Everyone from NPR to the Houston Chronicle is abuzz about the study, "The War on Marijuana; The Transformation of the War on Drugs in the 1990s", done by The Sentencing Project, which shows that a renewed focus on low-level marijuana users resulted in arrests rising from 28% to 45% of total drug arrests from 1992 to 2002. Of the rise in total drug arrests, 80% of the increase came from marijuana arrests of mostly small, recreational users. The price for this is high: the report estimates about $4 billion a year is spent on arresting and prosecution. Think of the health insurance or decent housing that could buy!

Also (unsurprisingly, given the racism of the enforcement mechanisms), although blacks make up only 14 % of the population, they accounted for 30% of arrests, despite the fact that 74% of regular marijuana users are white:
"A Maryland study on marijuana enforcement observed that police officers knew where to go if they wished to make an easy drug arrest, and suggested that they could do so whenever they wished in certain neighborhoods These neighborhoods are those where drug use and selling is most likely to be in public spaces, allowing for easy apprehension. Research by criminologist Alfred Blumstein supports this point, observing that disproportionate arrest rates are due to “a more dense police presence where blacks reside.”
The study also notes that possession cases generally receive longer sentences than trafficking cases. In fact, 24% of marijuana offenders in prison were found to have been first-time offenders with no weapons or trafficking issues.

And despite all this, use of weed has held relatively steady over the years, and NPR reported that approximately 47% of the general population has used it.

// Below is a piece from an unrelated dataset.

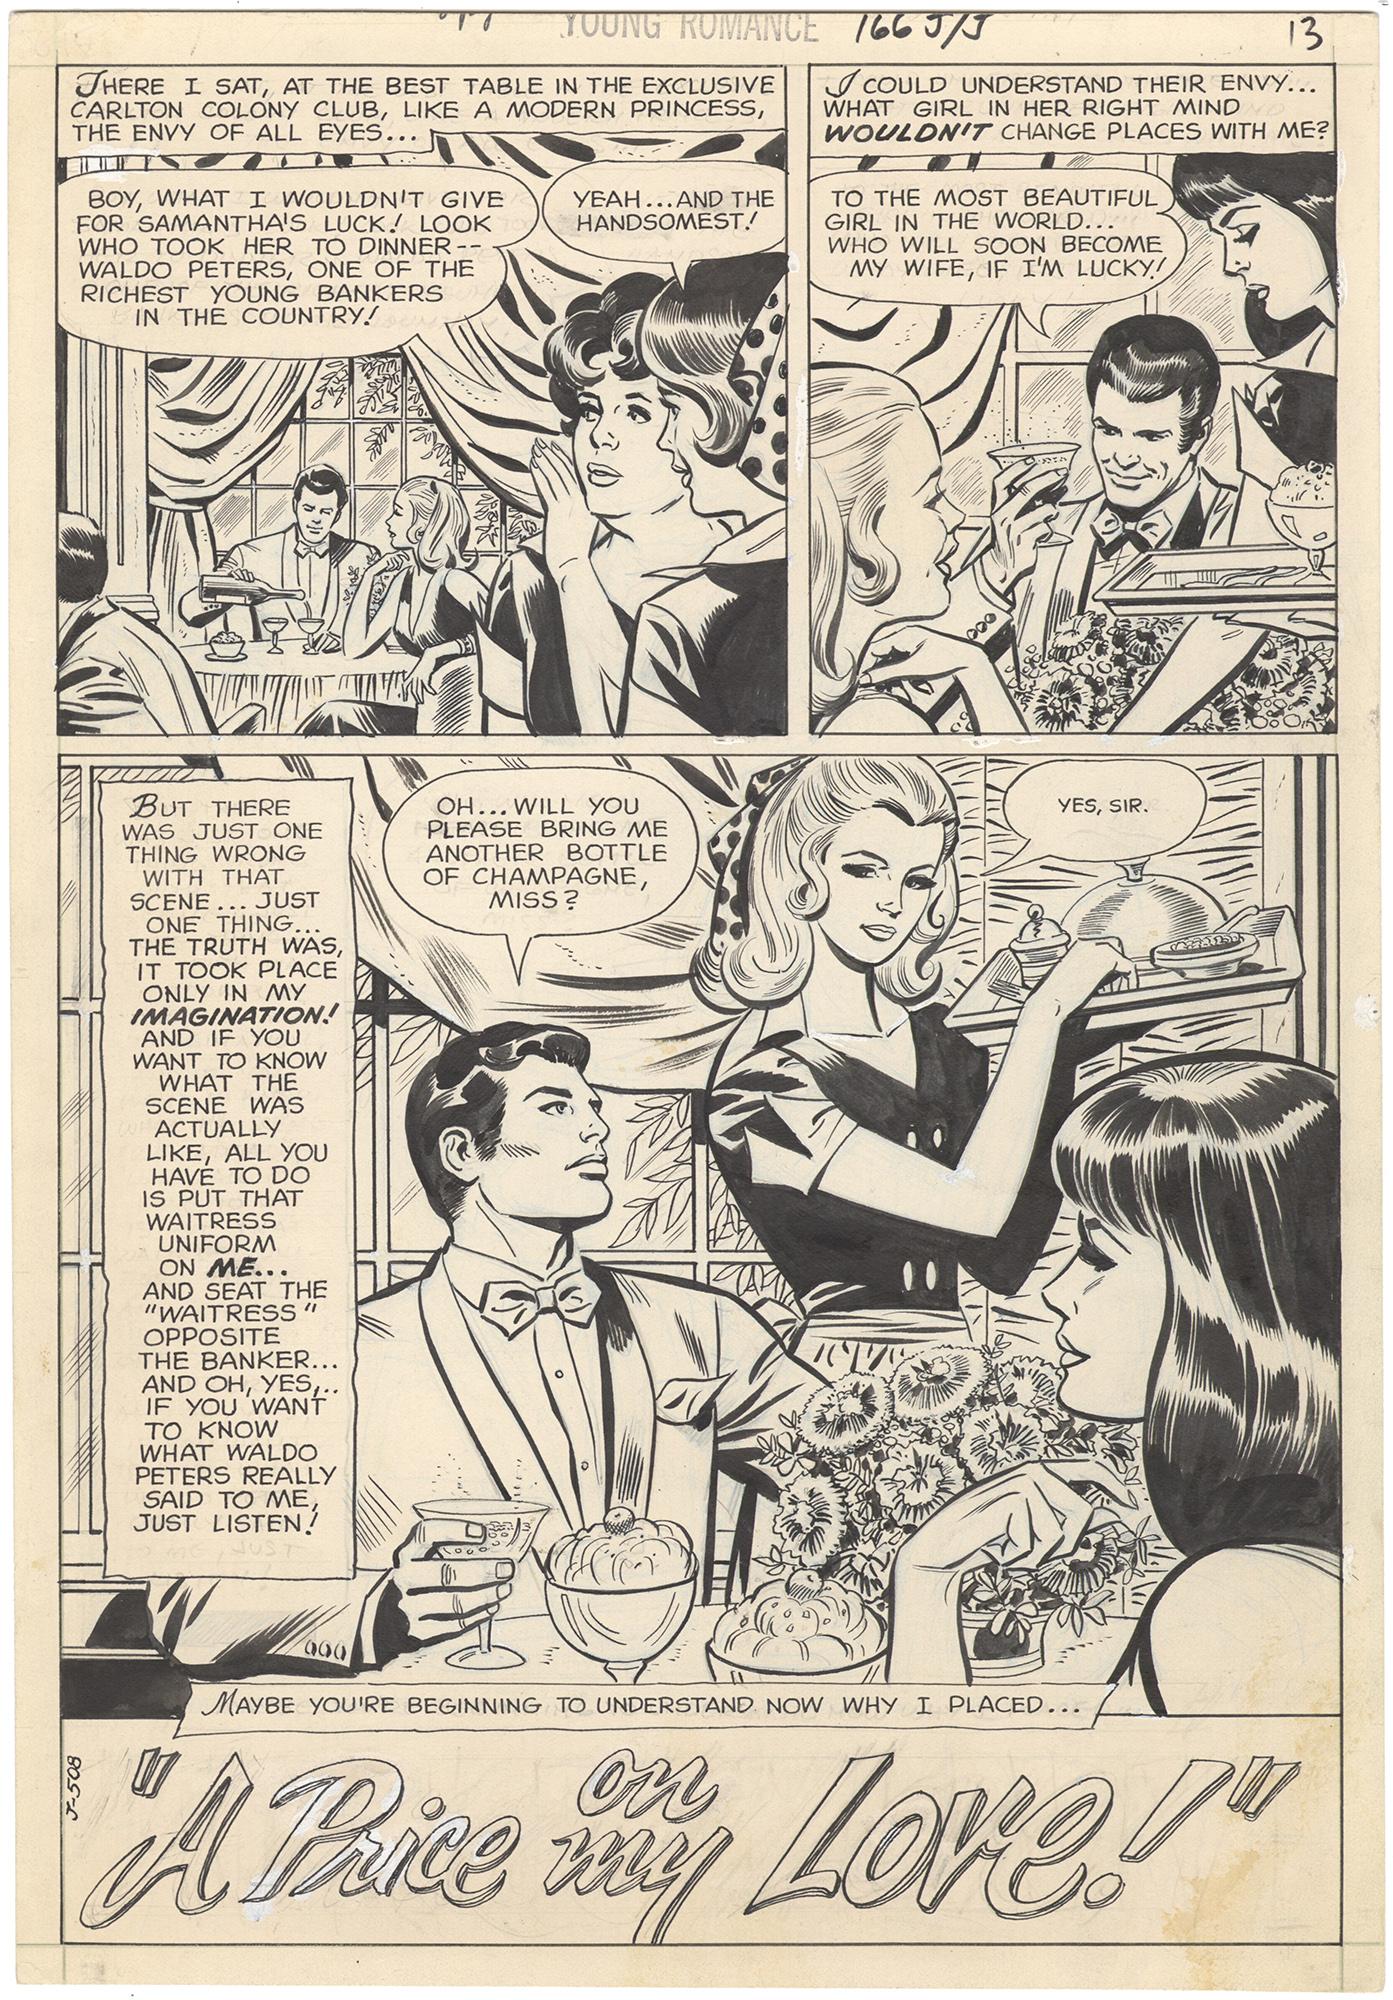 Young Romance #166 p13

From an anecdotal point of view, I can tell you I know a good number of folks who are regular smokers. Many are in their 40s and 50s, and all of them are taxpayers and productive human beings who have been smoking for anywhere from 10 to 35 years, and not one of them ever robbed a bank, raped a woman, or went mad. All of them live that part of their lives with a combination of martini-drinking casualness and furtive paranoia, and the idea of putting any of them in jail is not only outrageous, but daft. The fact that they cannot be open and truthful about it relegates them, in many ways, to the shadows in which women who had abortions live, except that being exposed as a person who once had an abortion doesn't put one at risk of jail time.

I'm not going to rant about the stupidity of our drug laws. Even the general public has gotten bored with marijuana as a scare tactic. But the report recommendations are extensive and include suggestions for a national dialogue on decriminalization, and at the very least, we need to heed them.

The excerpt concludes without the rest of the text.